I have two directories. One contains images, and the other contains masks. each image in the images folder has a mask with the same filename in the masks folder. Now I want create a pandas dataframe with a single column with the list of the locations of the images and the second column containing the corresponding location of the masks.
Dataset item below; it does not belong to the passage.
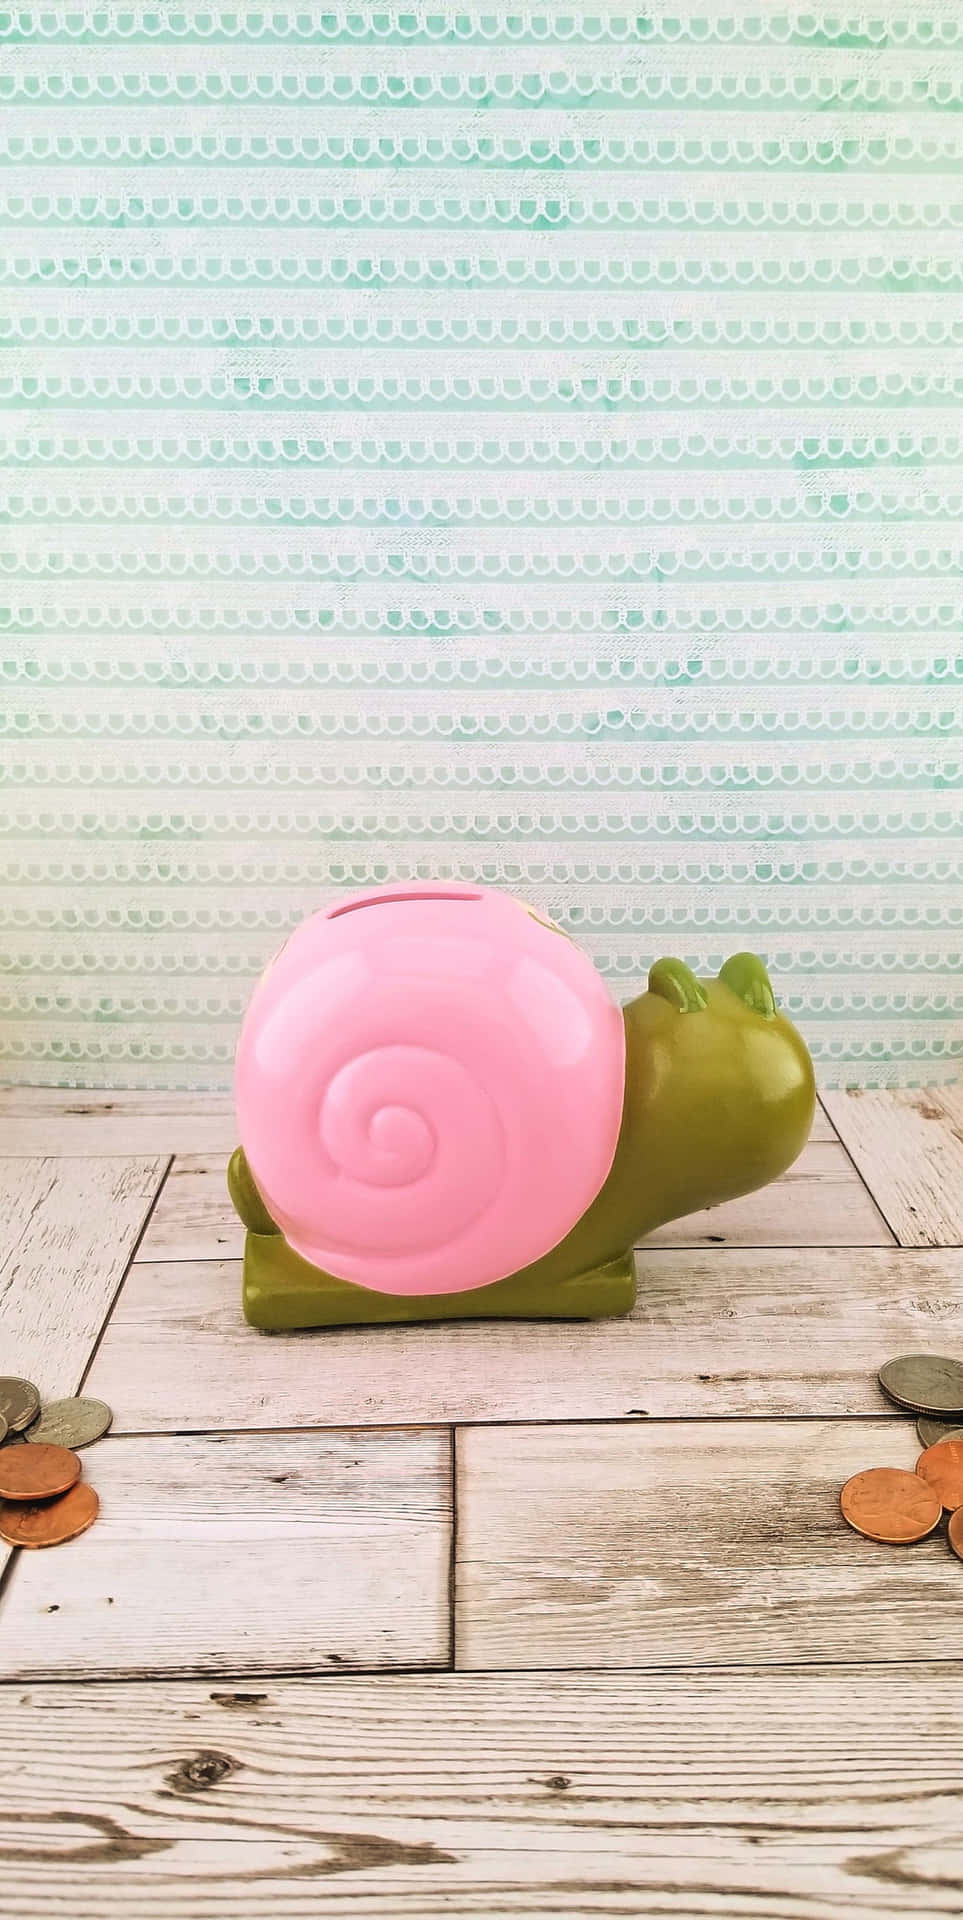 A vibrant pink snail amidst lush greenery Wallpaper
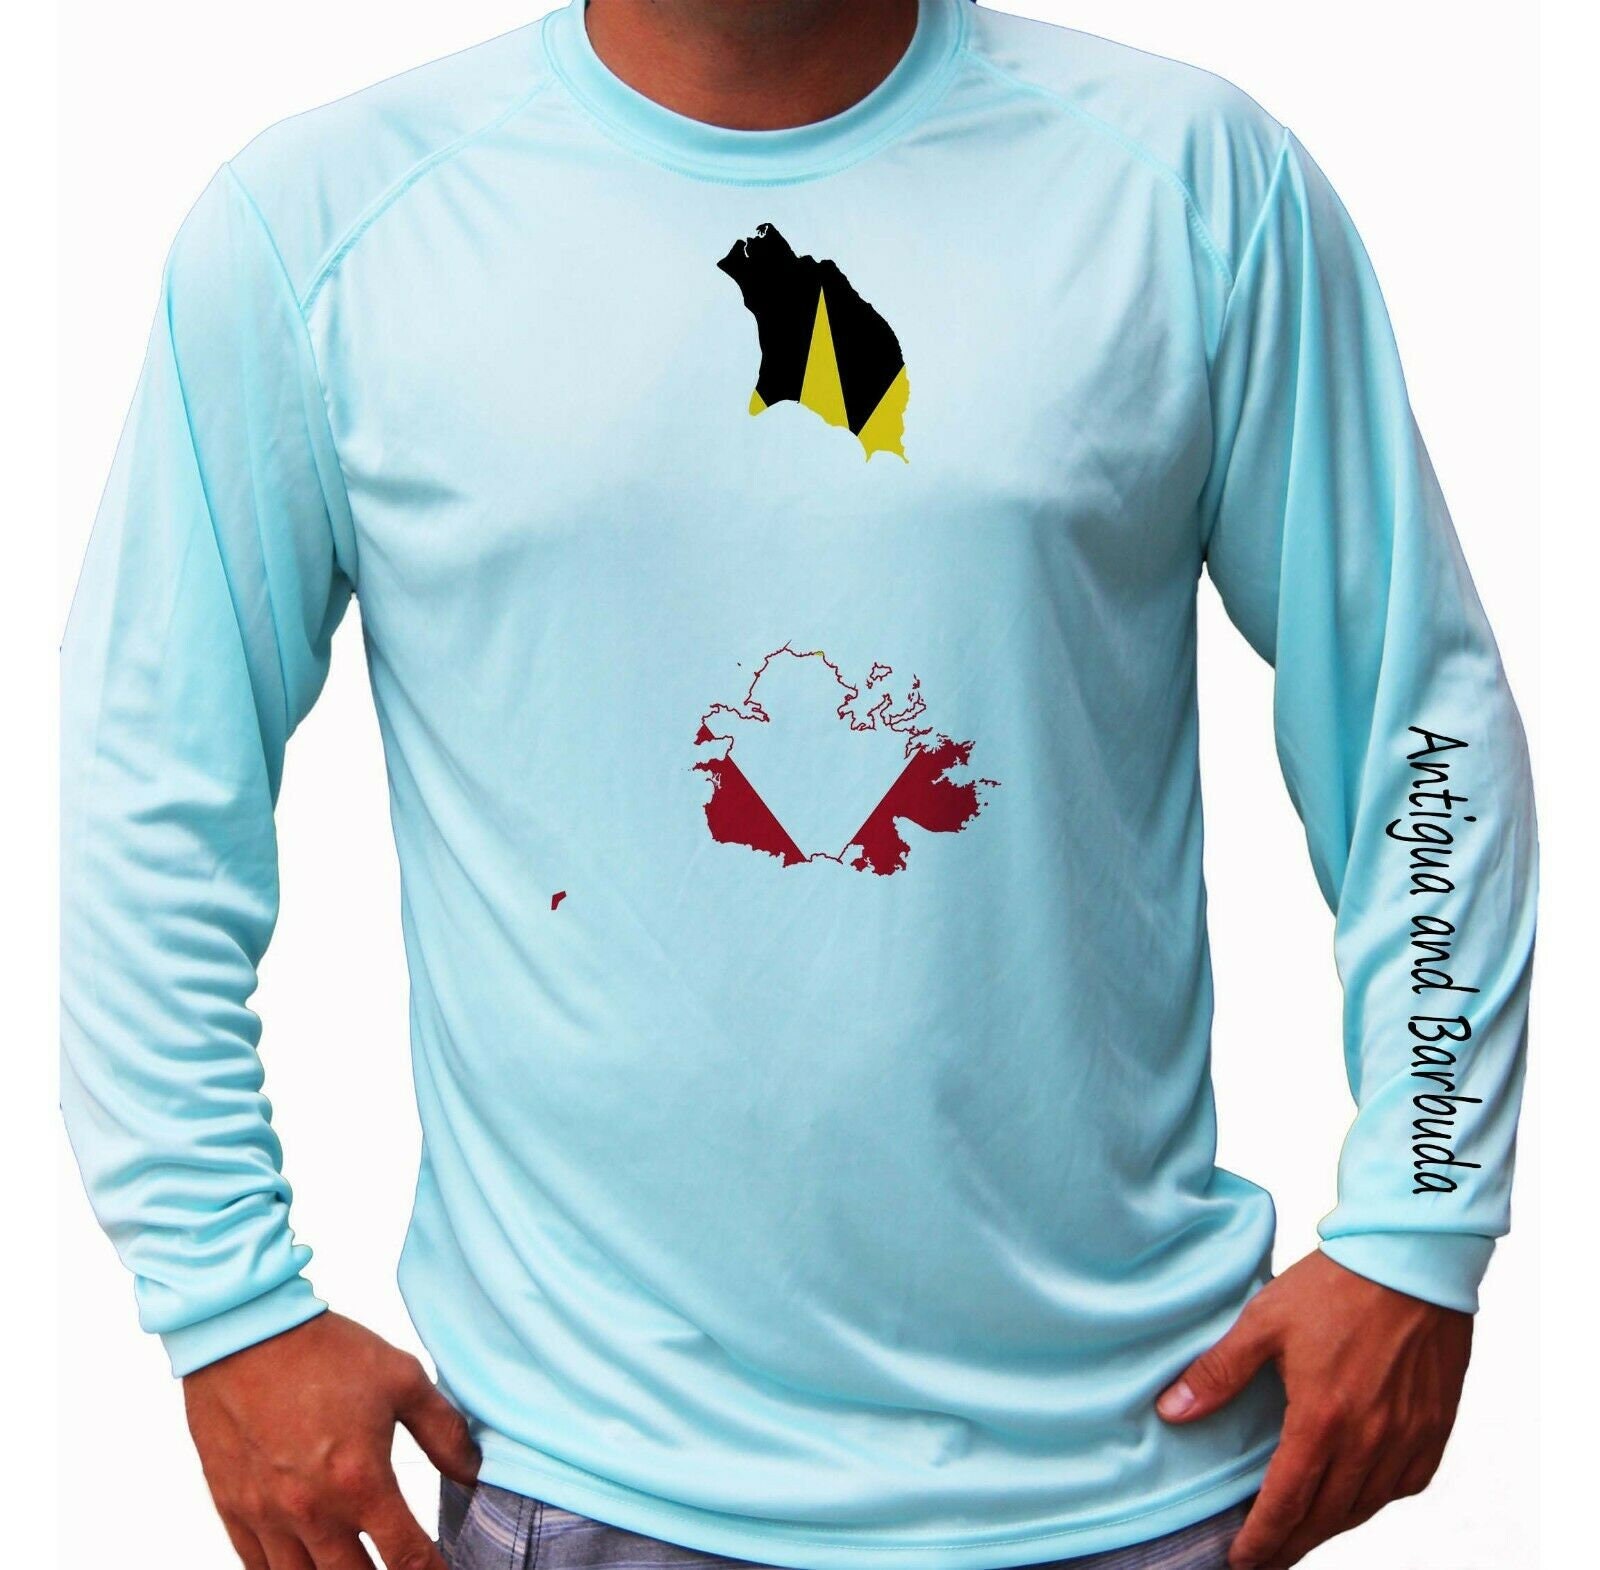 Antigua and Barbuda Flag Map Ocean Fishing Shirt UPF 50 Long Sleeve T-Shirt Sun UV Protection Front or Back

To do a preliminary investigation on how to do this, I wrote the following code:
# Generate a list of all the files and their
def generate_list(images, masks):
images_df = pd.concat([pd.DataFrame([file],
columns=['images']) for file in os.listdir(images)], ignore_index = True)
masks_df = pd.concat([pd.DataFrame([file],
columns=['masks']) for file in os.listdir(masks)], ignore_index = True)
df = pd.concat([images_df, masks_df], axis=0, ignore_index=True)
print(df)
return df
However, I get the output:
images masks
0 47_1.bmp NaN
1 5_1.bmp NaN
2 26_1.bmp NaN
3 24_1.bmp NaN
4 7_1.bmp NaN
5 19_1.bmp NaN
6 19.bmp NaN
7 18.bmp NaN
8 45_1.bmp NaN
26 4_1.bmp NaN
.. ... ...
131 NaN 14.bmp
132 NaN 50_1.bmp
133 NaN 15_1.bmp
134 NaN 28_1.bmp
135 NaN 9_1.bmp
136 NaN 16.bmp
137 NaN 17_1.bmp
138 NaN 17.bmp
139 NaN 33_1.bmp
Clearly, os.listdir already shuffles the list of the files being taken into the concat
operation.
How would I go about doing this?
def generate_list(images, masks):
images_df = pd.concat([pd.DataFrame([images + file]) for file in os.listdir(images)], ignore_index=True)
masks_df = pd.concat([pd.DataFrame([masks + file]) for file in os.listdir(masks)], ignore_index=True)
df = pd.concat([images_df, masks_df], axis=1, ignore_index=True)
return df.sample(frac=1)
Here is my new answer. The axis was wrong!